Największe GWIAZDY LAT 80. Ranking czytelników
30. Morgan Freeman
Choć dla wielu już na zawsze pozostanie ucieleśnieniem Boga, początki jego kariery nie były aż tak obiecujące. Morgan Freeman praktycznie do końca lat 80. grywał postacie drugoplanowe. Przełom nastąpił wraz z rokiem 1987, kiedy to za film Cwaniak był nominowany do Oscara dla najlepszego aktora drugoplanowego. Jednak ważny w jego karierze okazał się rok 1989, gdy wystąpił w produkcjach Wożąc panią Daisy oraz Chwała. Pierwszy z nich przyniósł mu jego pierwszą i nie ostatnią nominację do Nagrody Akademii w kategorii najlepszy aktor pierwszoplanowy. A to był tylko przedsmak jego możliwości. Aktor z impetem wkroczył bowiem w epokę lat dziewięćdziesiątych, dając światu kolejne niezapomniane role. [Gracja Grzegorczyk]
29. Leslie Nielsen
Sukces Nielsena jako Drebina (nominacja do Emmy) stał się przyczynkiem do powstania trylogii Naga broń (1988, 1991, 1994). Porucznik Drebin jest poważny i zdeterminowany, ale komiczne sytuacje, w których bierze udział (niejednokrotnie będąc zresztą ich sprawcą), wywołują tak doskonale wyważony absurd, że każda część Nagiej broni mniej lub bardziej sytuuje się w czołówce najwybitniejszych parodii filmowych wszech czasów. Ponadto Nielsen ubarwia swoją grę czymś zupełnie przeciwnym do swego dry wit comedy, bo bywa też szalenie przerysowany w swoich reakcjach, niczym postać z kreskówki.
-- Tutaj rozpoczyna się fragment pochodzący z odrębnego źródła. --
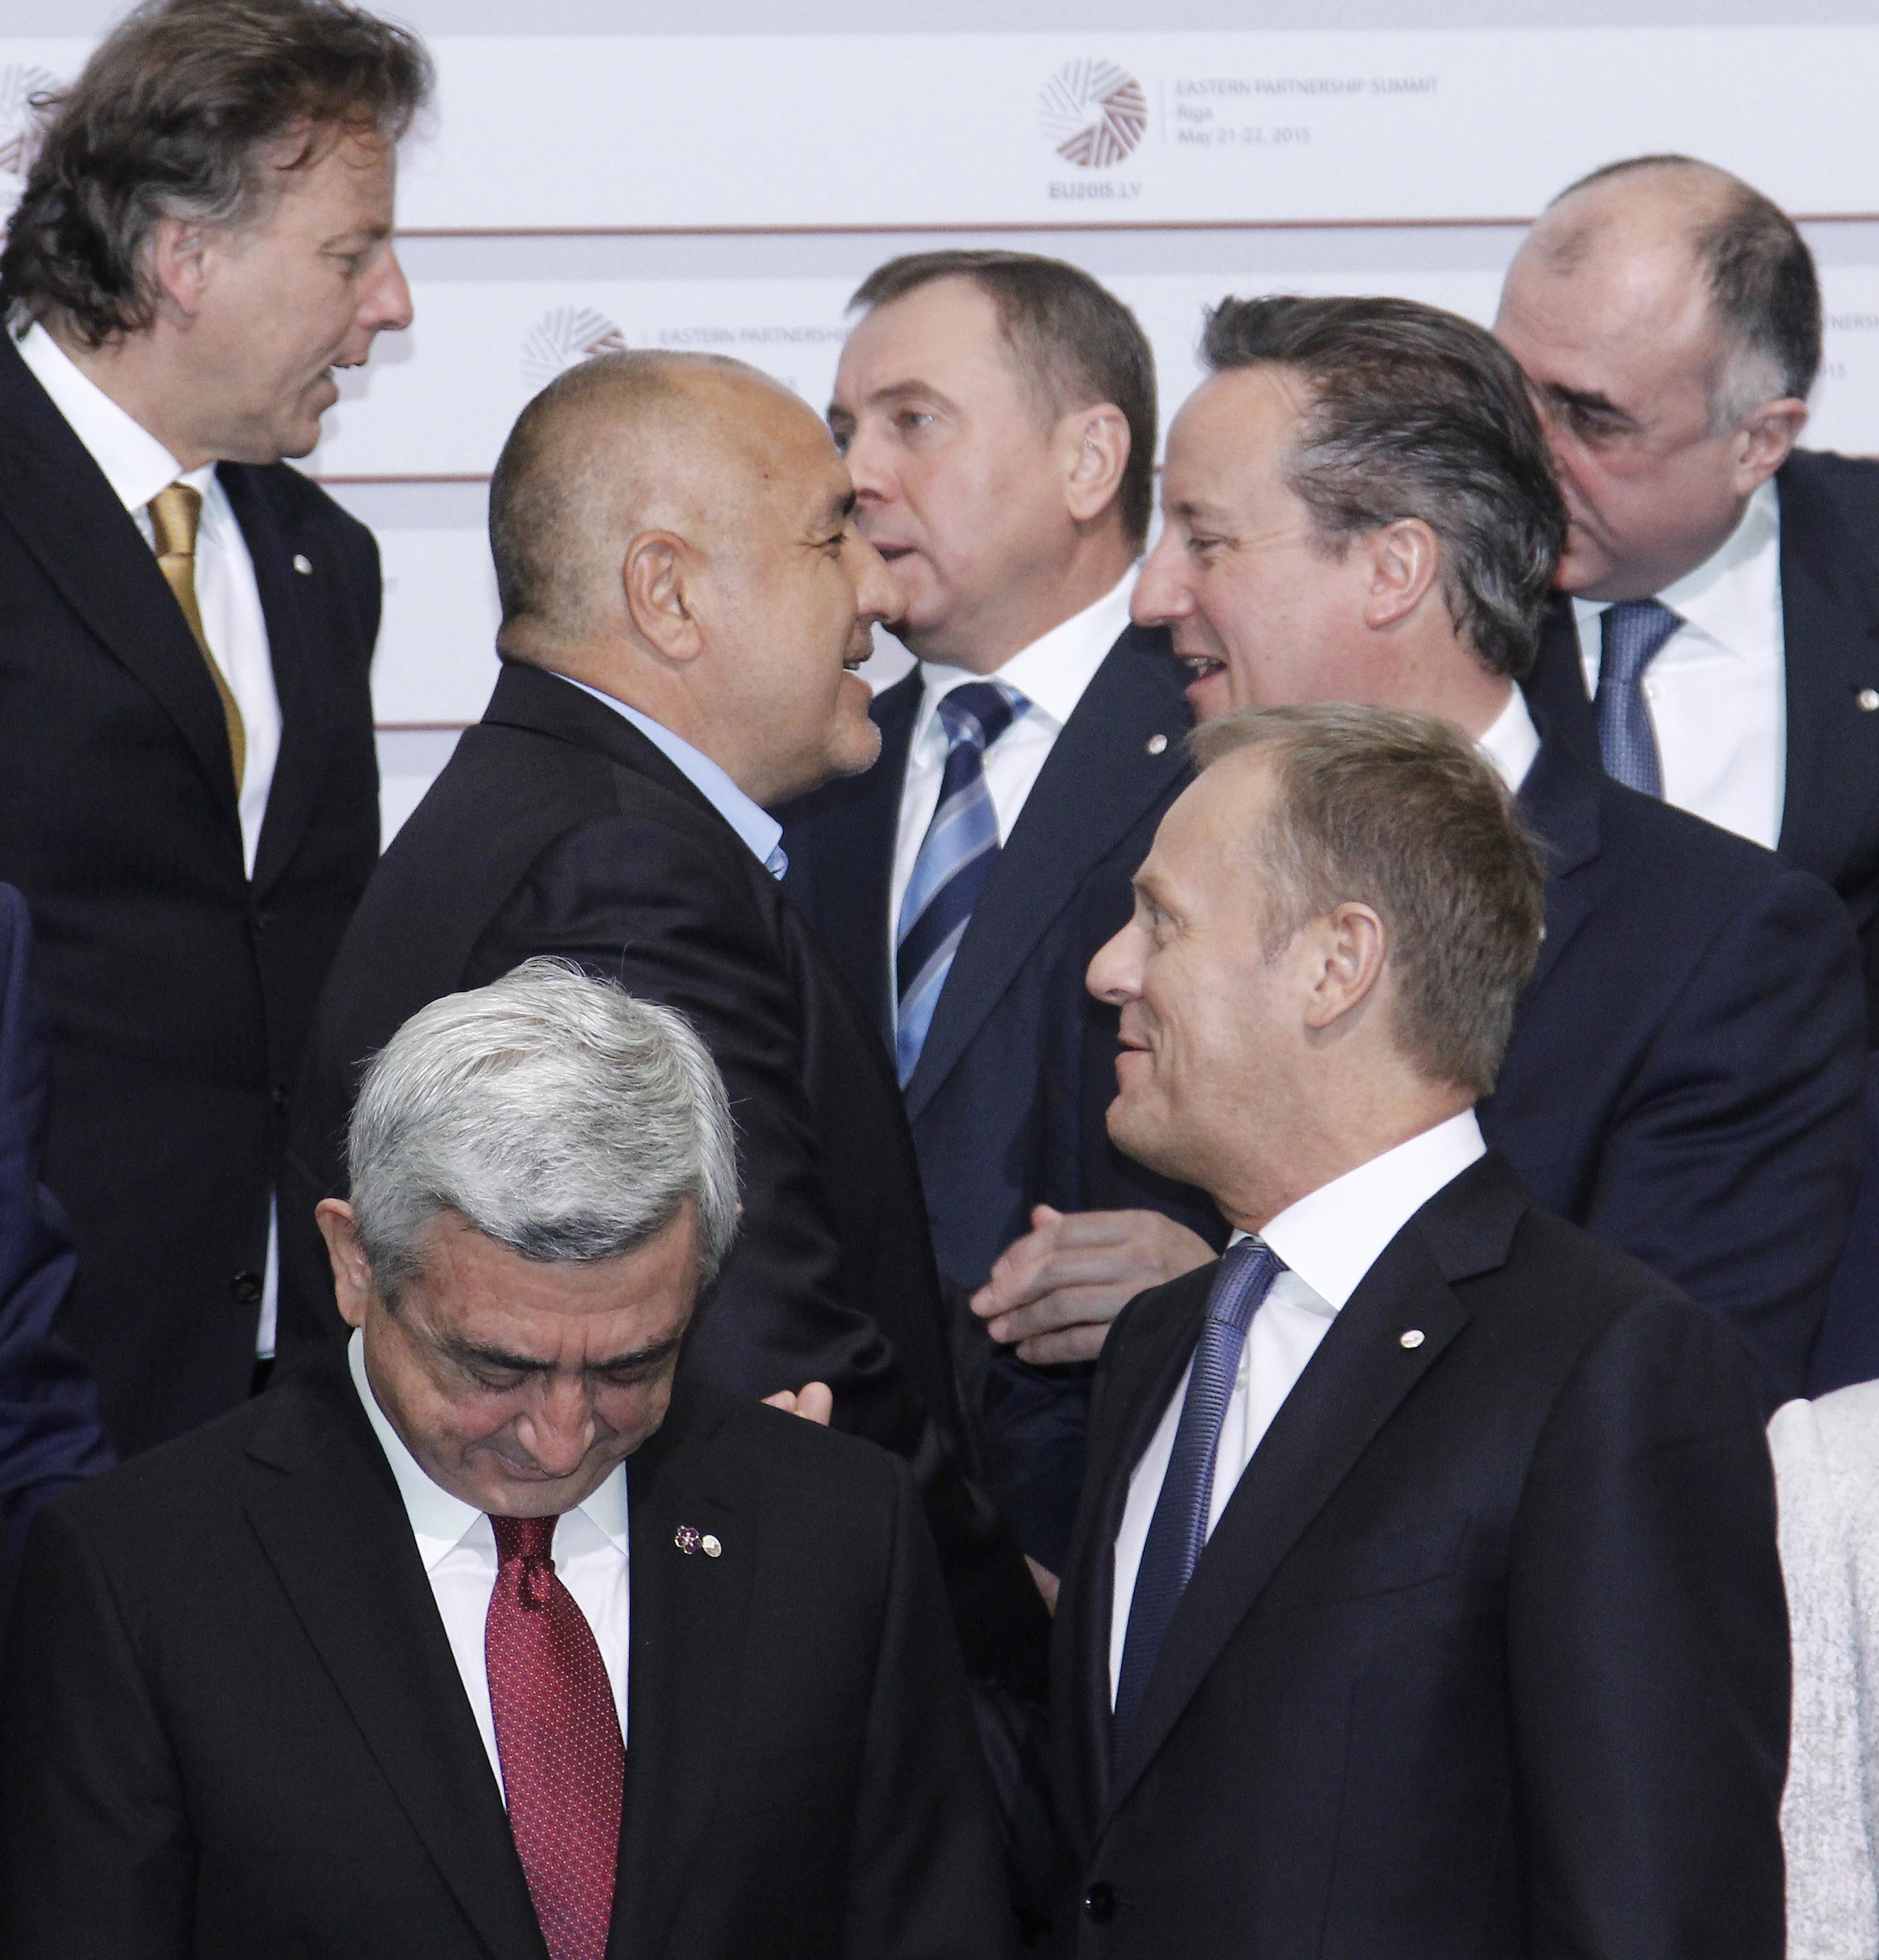 Бойко Борисов преди да се прегърне с Дейвид Камерън. Пред тях са президентът на Армения Саркис Саркисян и Доналд Туск

Trylogia o przygodach Franka Drebina do dziś cieszy się niesłabnącą popularnością. I chociaż podobnie jest z wieloma późniejszymi dokonaniami Lesliego, żadne z nich nie dorównało już sukcesowi z przełomu lat osiemdziesiątych i dziewięćdziesiątych. [Dawid Konieczka, fragment biografii]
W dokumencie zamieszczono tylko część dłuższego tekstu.